Configuration Reference

WebGym Configs

The system uses Hydra for hierarchical configuration management. Config files are located in scripts/config/main/.

Config File Hierarchy:

default.yaml          # Base config (paths, policy, context)
    ├── rollout.yaml      # Base rollout config (env, timeouts, workers)
    │   ├── rollout_train.yaml   # Train rollout (train tasks, difficulty)
    │   └── rollout_test.yaml    # Eval rollout (test tasks, difficulty)
    └── update_online.yaml       # Training config (hyperparameters, data sampling)

Each config file uses defaults: to inherit from parent configs. Settings in child configs override parent values. For example, rollout_train.yaml inherits from rollout.yaml which inherits from default.yaml:

# default.yaml defines base policy settings:
policy_config:
  temperature: 1
  max_new_tokens: 3072

# rollout.yaml inherits default.yaml and adds env settings:
defaults:
  - default
env_config:
  server_size: 64

# rollout_train.yaml inherits default.yaml and rollout.yaml, then overrides specifics:
defaults:
  - default
  - rollout
env_config:
  split: "train"
  train_tasks_rollout_size: 1024
# temperature and server_size are still inherited from the parents

save_path

Root directory for outputs (set via --log-path)

data_path

Path to read-only shared data (task files, HuggingFace cache, etc.; set via --data-path)

model_config

Model selection:

model_type: Model type (qwen3-instruct or qwen3-think)
prompt_version: Prompt version (vanilla or complete)

policy_config

Model inference settings:

base_model: HuggingFace model name (set by run.sh)
checkpoint_path: Path to model checkpoint
max_new_tokens: Maximum tokens to generate (default: 3072)
temperature: Sampling temperature (default: 1)
top_p: Top-p sampling (default: 0.99)
top_k: Top-k sampling (default: 2)
min_p: Min-p sampling (default: 0)

context_config

Interaction mode settings:

interaction_mode: How to represent UI elements (coordinates or set_of_marks)

env_config

Environment and HTTP settings:

vllm_server_url: vLLM endpoint (default: http://localhost:8999)
wait_timeout: HTTP queue timeout in seconds (default: 2400)
operation_timeout: HTTP operation timeout (default: 120)
vllm_timeout: vLLM request timeout (default: 240)
evaluation_workers: Concurrent trajectory evaluation workers (default: 16)
screenshot_comparison_workers: Concurrent screenshot comparison workers (default: 32)
completion_threshold: Fraction of tasks to complete before killing stragglers (default: 0.95). For example, with 1024 tasks and completion_threshold=0.95, once 973 tasks finish, the remaining 51 slow tasks enter the grace period.
completion_grace_period: Seconds to wait after the threshold is reached before force-killing remaining tasks (default: 30). Continuing the example above, the 51 remaining tasks get 30 more seconds to finish; any still running after that are terminated.
instance_lifetime_max: Maximum browser instance lifetime in minutes (default: 50)
task_timeout_minutes: Maximum task timeout in minutes (default: 300)
server_size: Browser instances per batch (default: 64)
verbose: Enable verbose logging (default: False)
use_rich_actree: Use rich accessibility tree format (default: False)
max_retries: Maximum HTTP retries (default: 2)

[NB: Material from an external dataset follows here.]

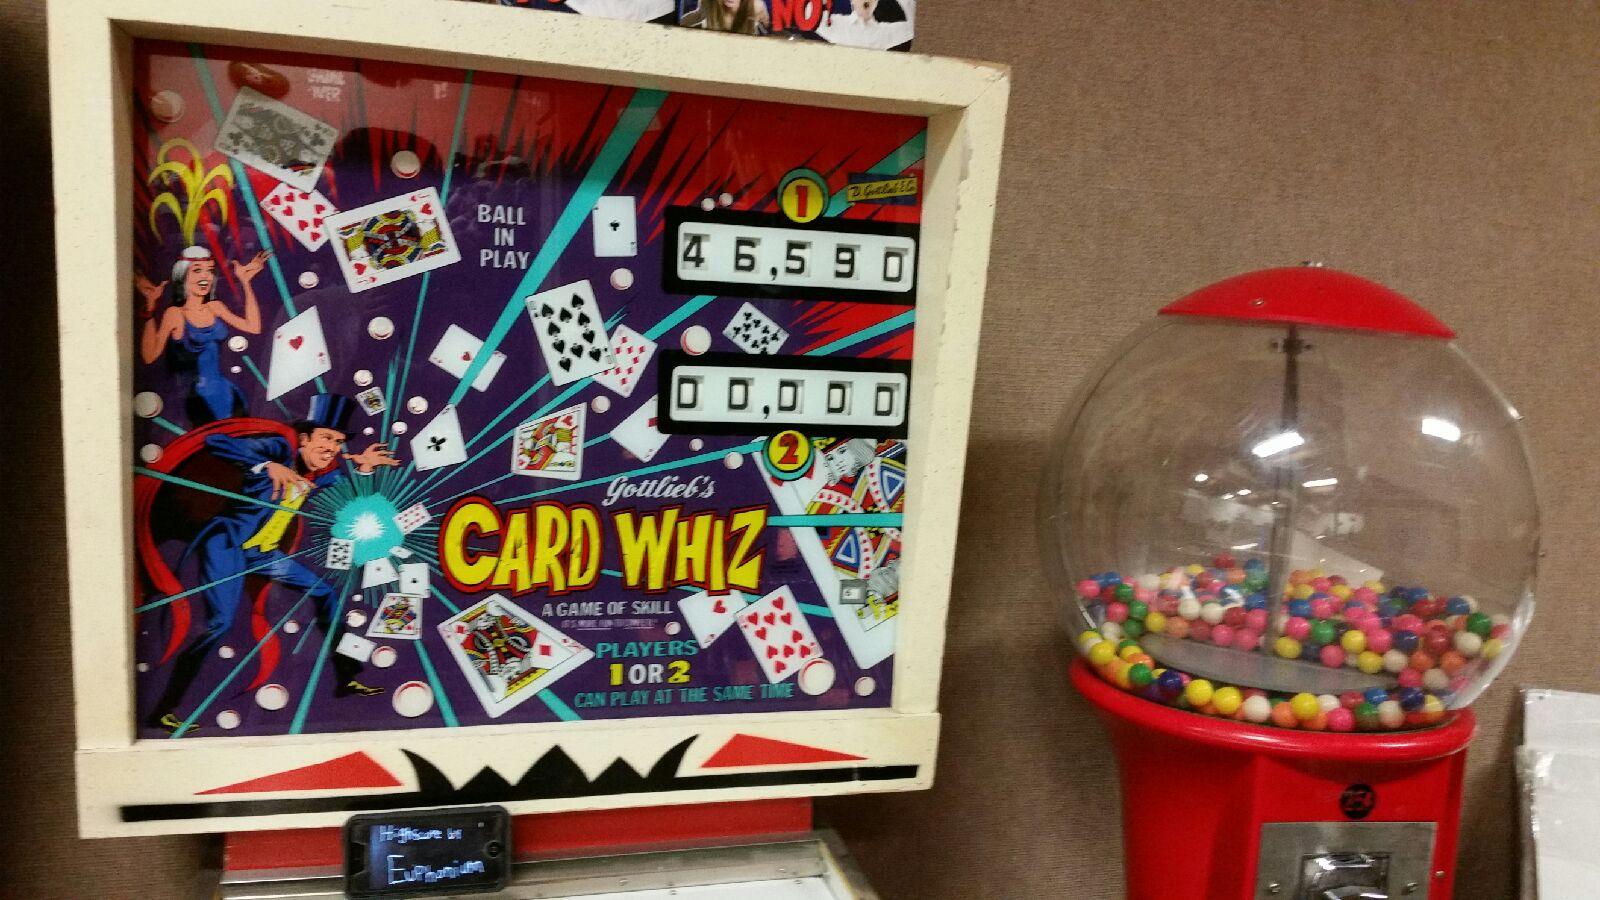 Card Whiz [Gottlieb] 46,590 points
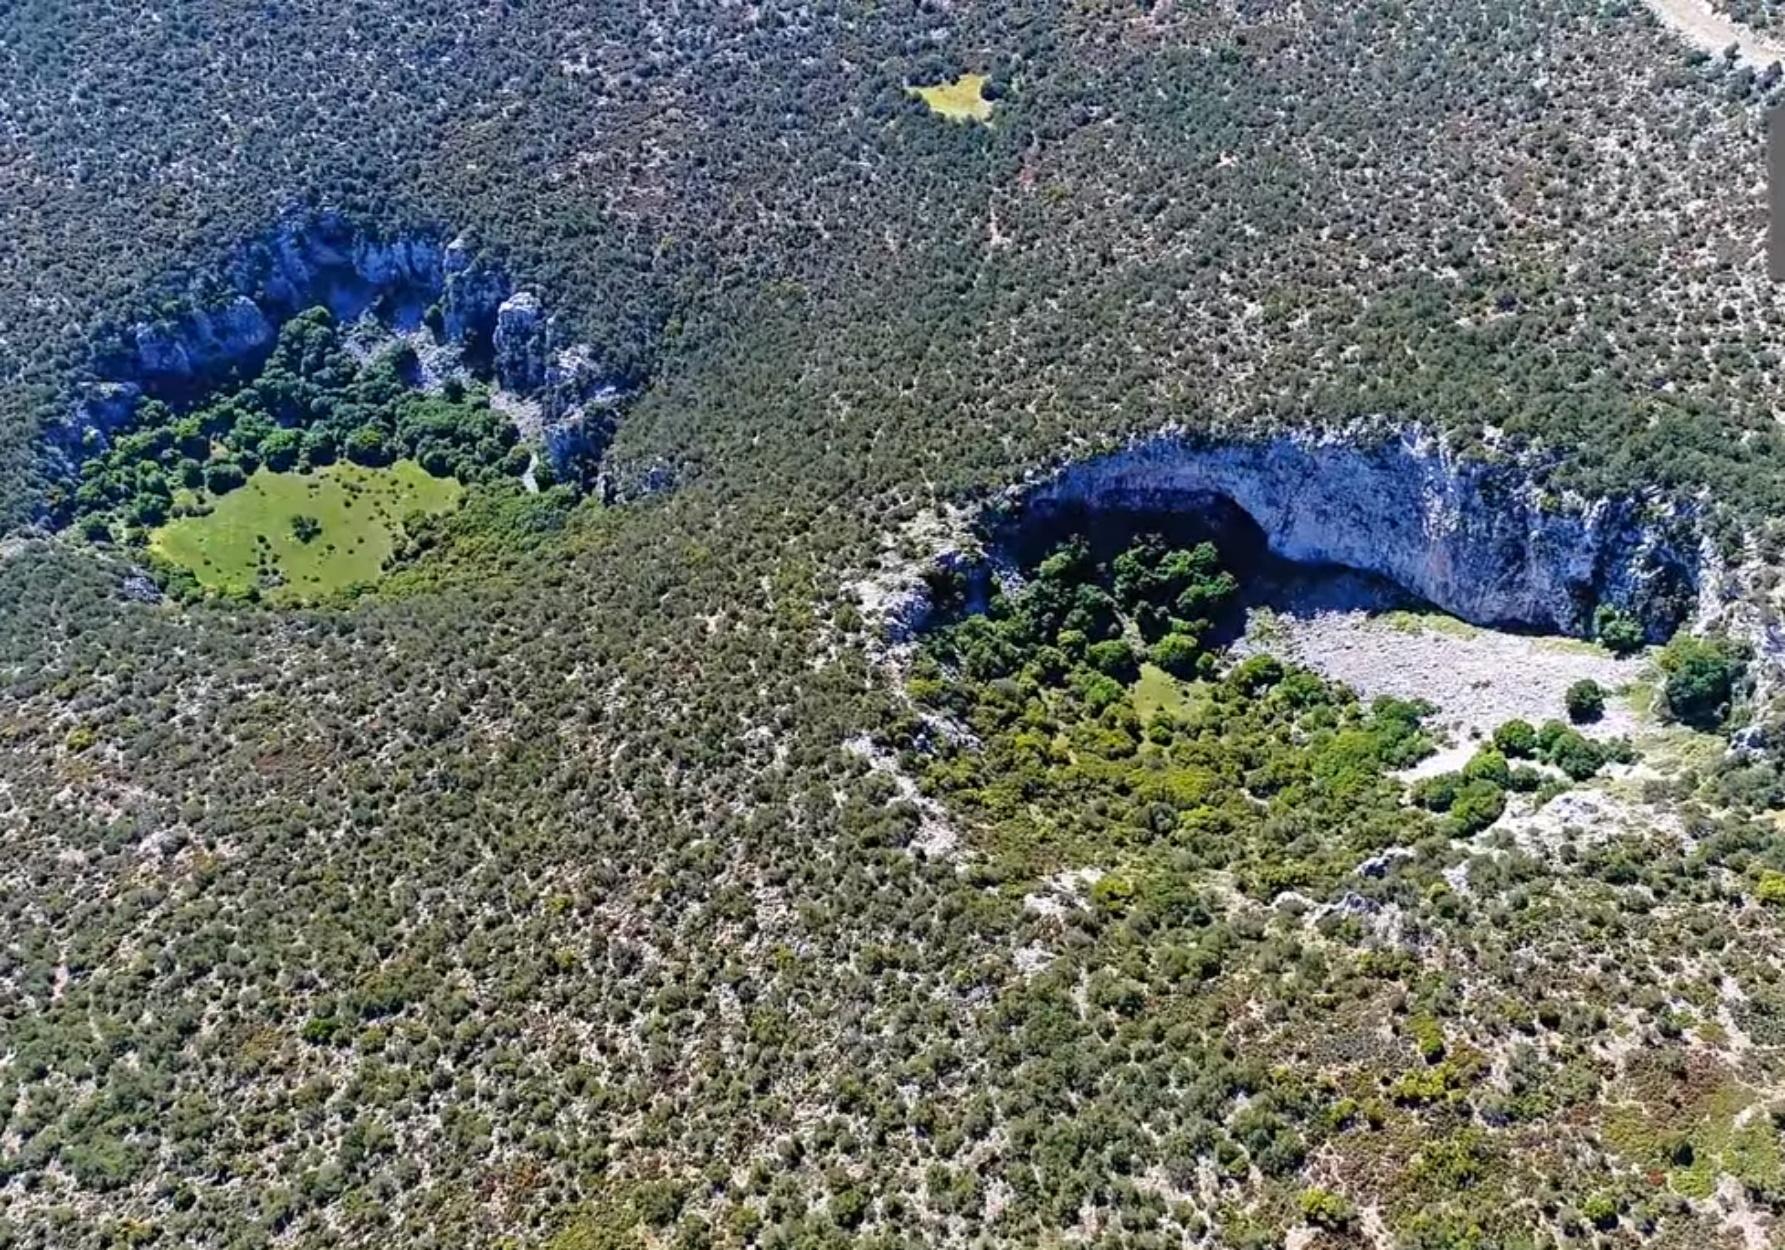 Απίστευτες εικόνες με δύο μυστηριώδεις γιγάντιους κρατήρες στην Αργολίδα

http_pools: Connection pool sizes per operation type. Train and test configs use different pool sizes:

# Train (rollout_train.yaml):
http_pools:
  # Once per task
  metadata: 128          # Screen dimensions
  navigate: 128          # Initial navigation to website
  allocate: 4            # Instance allocation
  release: 4             # Instance cleanup/release
  # Once per step
  screenshot: 128        # Screenshot capture (most frequent, can be slow)
  ac_tree: 128           # Accessibility tree retrieval
  page_metadata: 128     # Page title/URL (once per step)
  execute: 128           # Action execution (click, type, scroll)

# Test (rollout_test.yaml):
http_pools:
  navigate: 32           # Initial navigation to website
  screenshot: 128        # Screenshot capture
  ac_tree: 64            # Accessibility tree retrieval
  metadata: 32           # Screen dimensions
  page_metadata: 64      # Page title/URL (once per step)
  execute: 64            # Action execution (click, type, scroll)
  allocate: 4            # Instance allocation
  release: 4             # Instance cleanup/release

max_vllm_sessions: Concurrent vLLM requests (default: 128 train, 64 test) (experimental, not supported yet, so use server_size instead)
split: Dataset split (train or test)
train_difficulty_max_steps: Max steps per difficulty (easy: 10, medium: 20, hard: 30)
test_difficulty_max_steps: Max steps per difficulty (easy: 30, medium: 50, hard: 70)
train_tasks_rollout_size: Tasks per train batch (default: 1024)
test_tasks_rollout_size: Tasks per eval batch (default: -1 for all in test config, 0 in train config)
test_tasks_repeat_times: Repeat each test task N times (default: 1 in test config, 0 in train config)
train_tasks_sampler: Task sampling strategy (uniform or ratio)
train_tasks: Train task file (default: train.jsonl)
test_tasks: Test task file (default: test.jsonl)

openai_config

Evaluator API settings (supports OpenAI and Gemini). Supports per-task model configuration.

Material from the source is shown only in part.